With the above, both the fetching and analyzing code can be kept in the same place.

Additionally, if some API returns an unparseable or otherwise unexpected response, 

it's simple to look at it on disk, fix up the parsing, and then continue on from there, which 

has been tremendously useful.

## Features

The feature set is kept fairly minimal to support the above use case.

### Map like interface

There are `get`, `get_or_insert_with`, `insert`, and `remove` methods on the `DirCache` .

### Browsable disk representation

The values are written to disk at `cache-location/{key}/`, which makes it easy to check out the saved 

file, which in my cases are most-often `json`.

### Max age on responses

Since values may become stale, depending on how long the iterating takes, a max age can be set by duration, 

after which the value will be treated as non-existent. Meaning, running the same `get_or_insert_with` will 

the first time fetch data, each time up until the max age has passed, return the cached data, and after the 

max age has passed fetch new data.

### Data optionally saved as generations

Overwriting the same key can optionally shuffle the older key down one generation, leaving it on disk.  

Useful in some cases where response changes over time, and you wish to keep a history. 

Although it's definitely the least useful feature.

#### Optionally compress generational data

I found some use for this when working with an incredibly sparse `json` dataset where responses were pretty huge, 

with the feature `lz4` `lz4`-compression can be picked for old generations.

## Caveats

There is one caveat apart from performance that bears consideration.

### DISK DANGER

Keys are `PathBufs` and joined with the `dir-cache` base directory. This opens up a can of worms, 

the worst of which is accidentally joining with an abs-path, see the docs on [Path::join](https://doc.rust-lang.org/std/path/struct.Path.html#method.join).

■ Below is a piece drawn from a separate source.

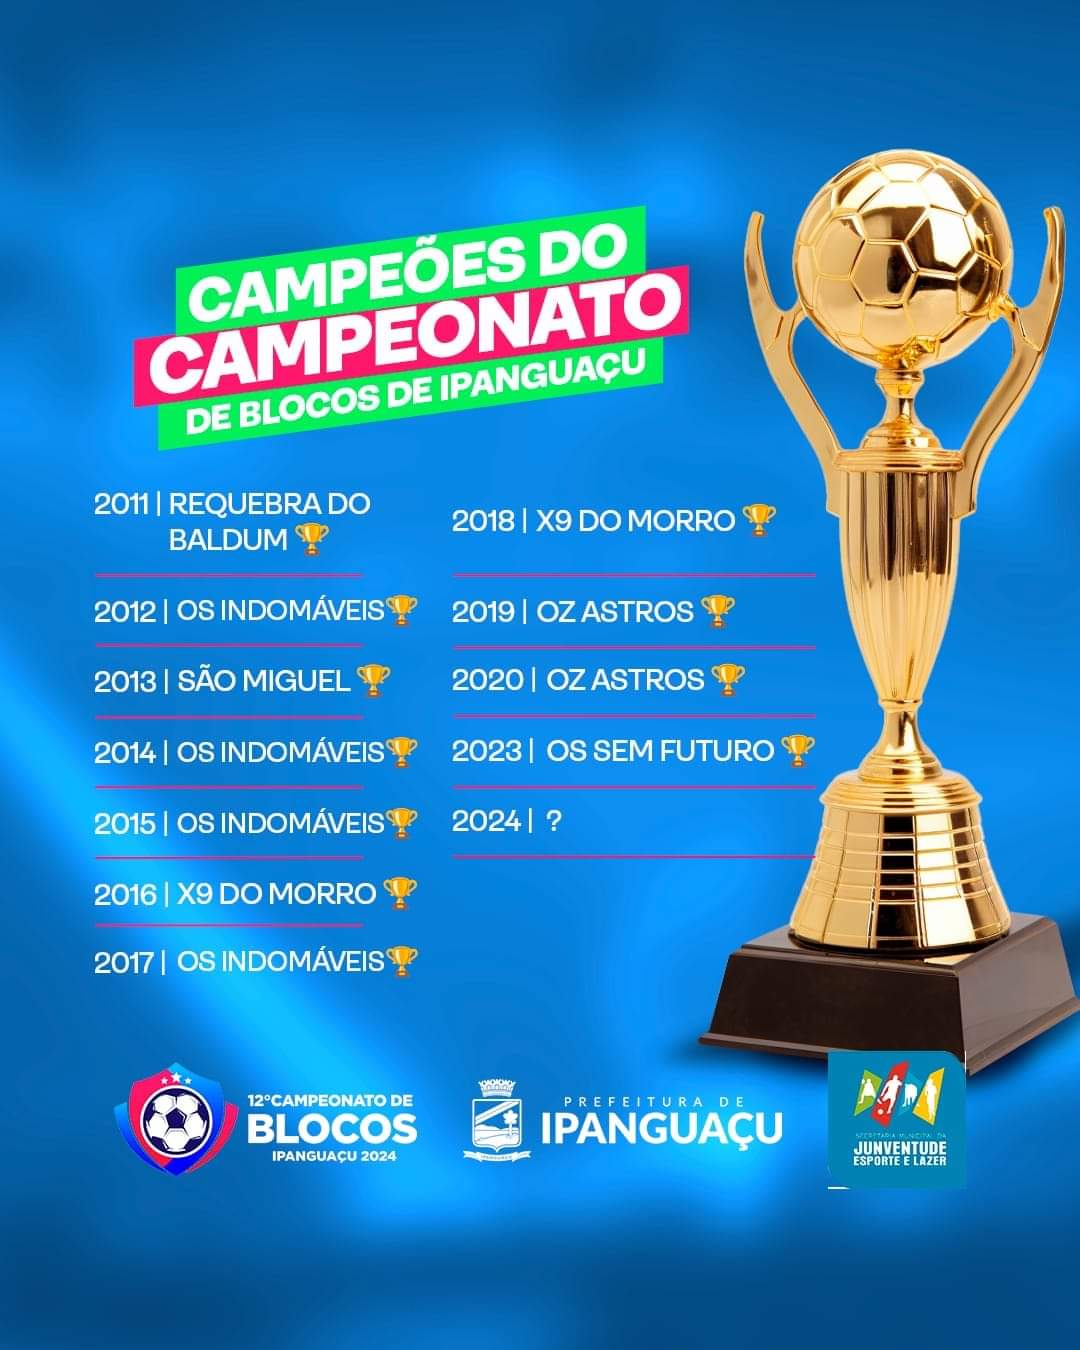 Confira os atuais campeões do Campeonato de Blocos de Ipanguaçu

This could potentially lead to destructive results.

There are a few mitigations:

1. Paths are never joined if the right side is absolute, and paths are not allowed to be anything but a [Component::Normal](https://doc.rust-lang.org/std/path/enum.Component.html).

as well as making sure parsed components combined length makes sense with the provided `OsStr` length (Mitigating unexpected effective paths).  

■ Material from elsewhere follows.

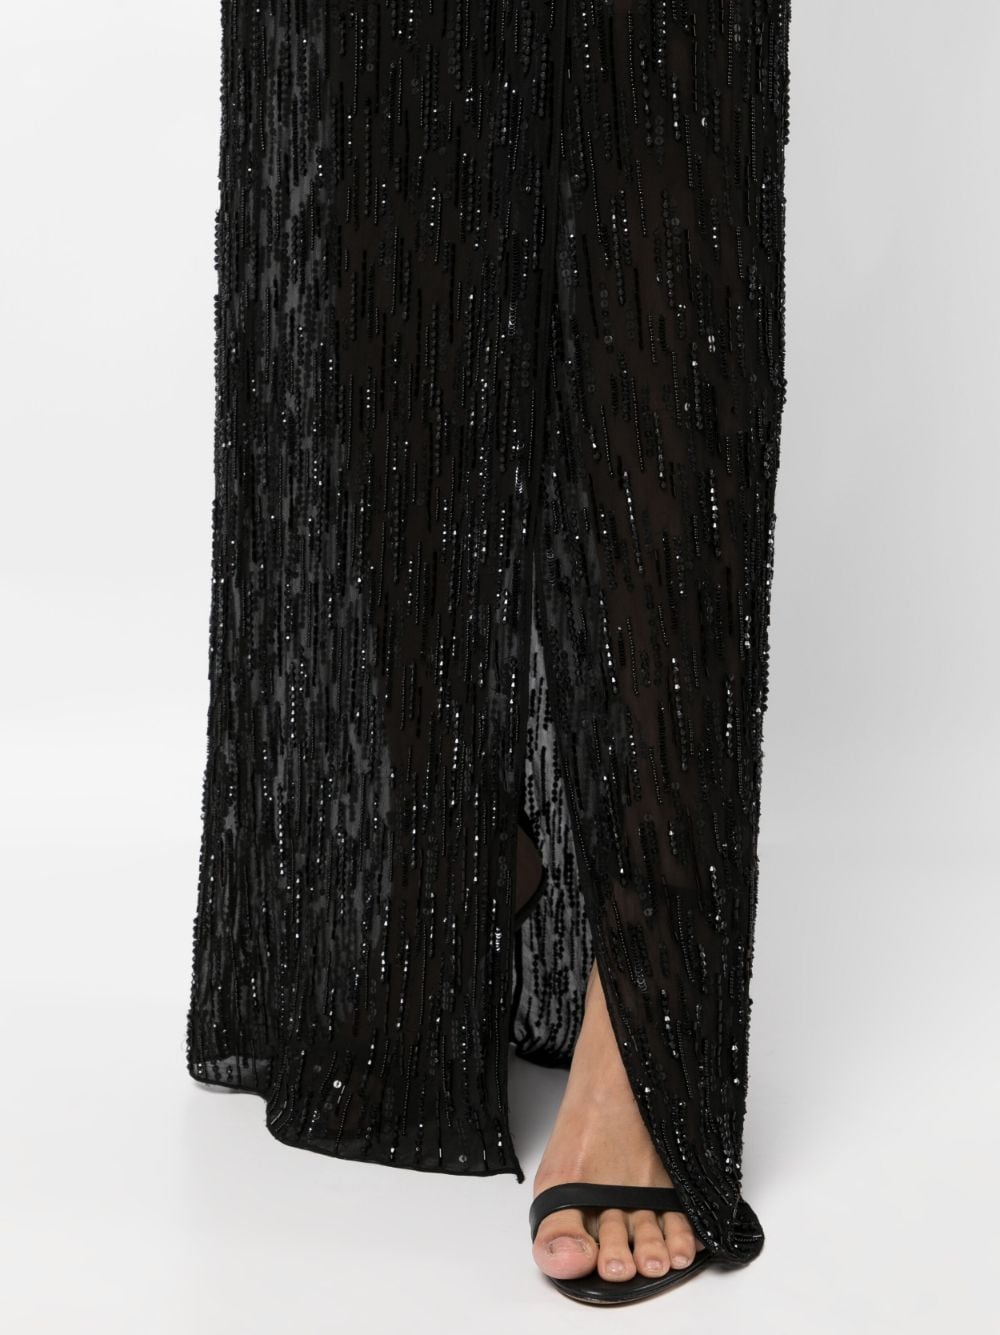 Shop Jenny Packham Ava Embellished Gown In Black

2. Write operations are only done on specific file-names `dir-cache-generation-{manifest.txt | n}`. (Reducing risk of accidental overwrites of important files).  

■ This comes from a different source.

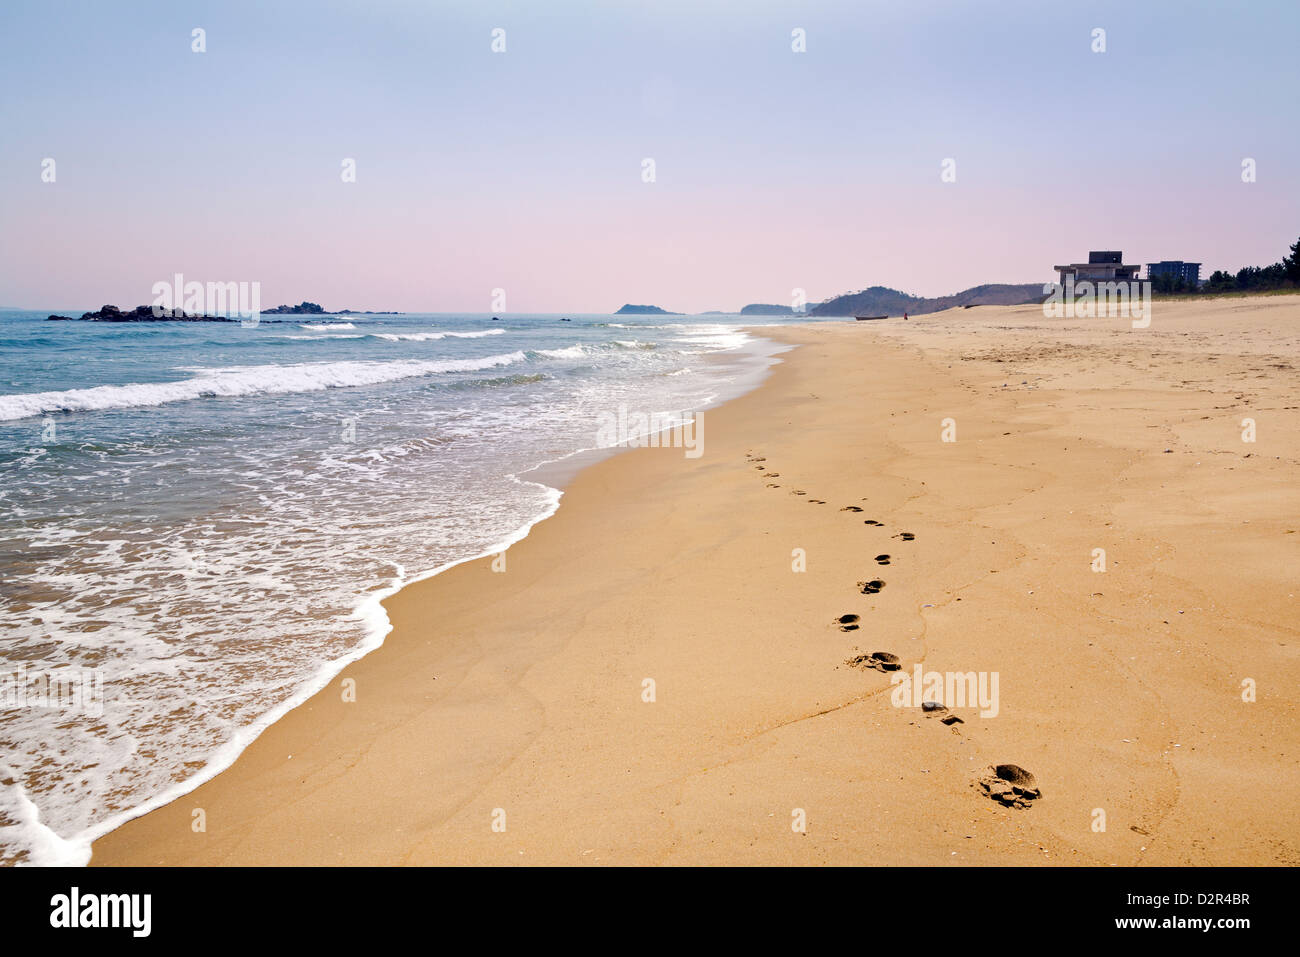 Beach resort Gegend südlich von Wonsan, Ost Meer von Korea, Demokratische Volksrepublik Korea (DVRK), Nord Korea, Asien Stockfoto

3. Removal operations are only done on the above specific file-names, as well as empty directories.  

This covers all the cases that I can think of, but of course, doesn't cover the cases that I fail to think of.

If using this library, a recommendation is to not use dynamic keys. 

Fuzzing is done on `Linux` only, so extra danger if using dynamic keys on other Oses, although it's not safe 

on `Linux` just because it's fuzzed.

### Async

Mixing this library with async code becomes problematic for two reasons, these will 

in the end boil down to application performance hits, but again, performance is not considered

a priority, so it shouldn't matter, but they're presented below.

#### Sync disk io

All disk operations are done sync, since regular `tokio::fs` on `Linux` 

discounting `tokio-uring`, still dispatches synchronous read syscalls, this isn't that 

much of an issue overall. Where disk the disk-io sync API becomes an issue is 

if it hogs a lot of time. [Alyce Ryhl wrote a great post about why that's problematic a while back](https://ryhl.io/blog/async-what-is-blocking/).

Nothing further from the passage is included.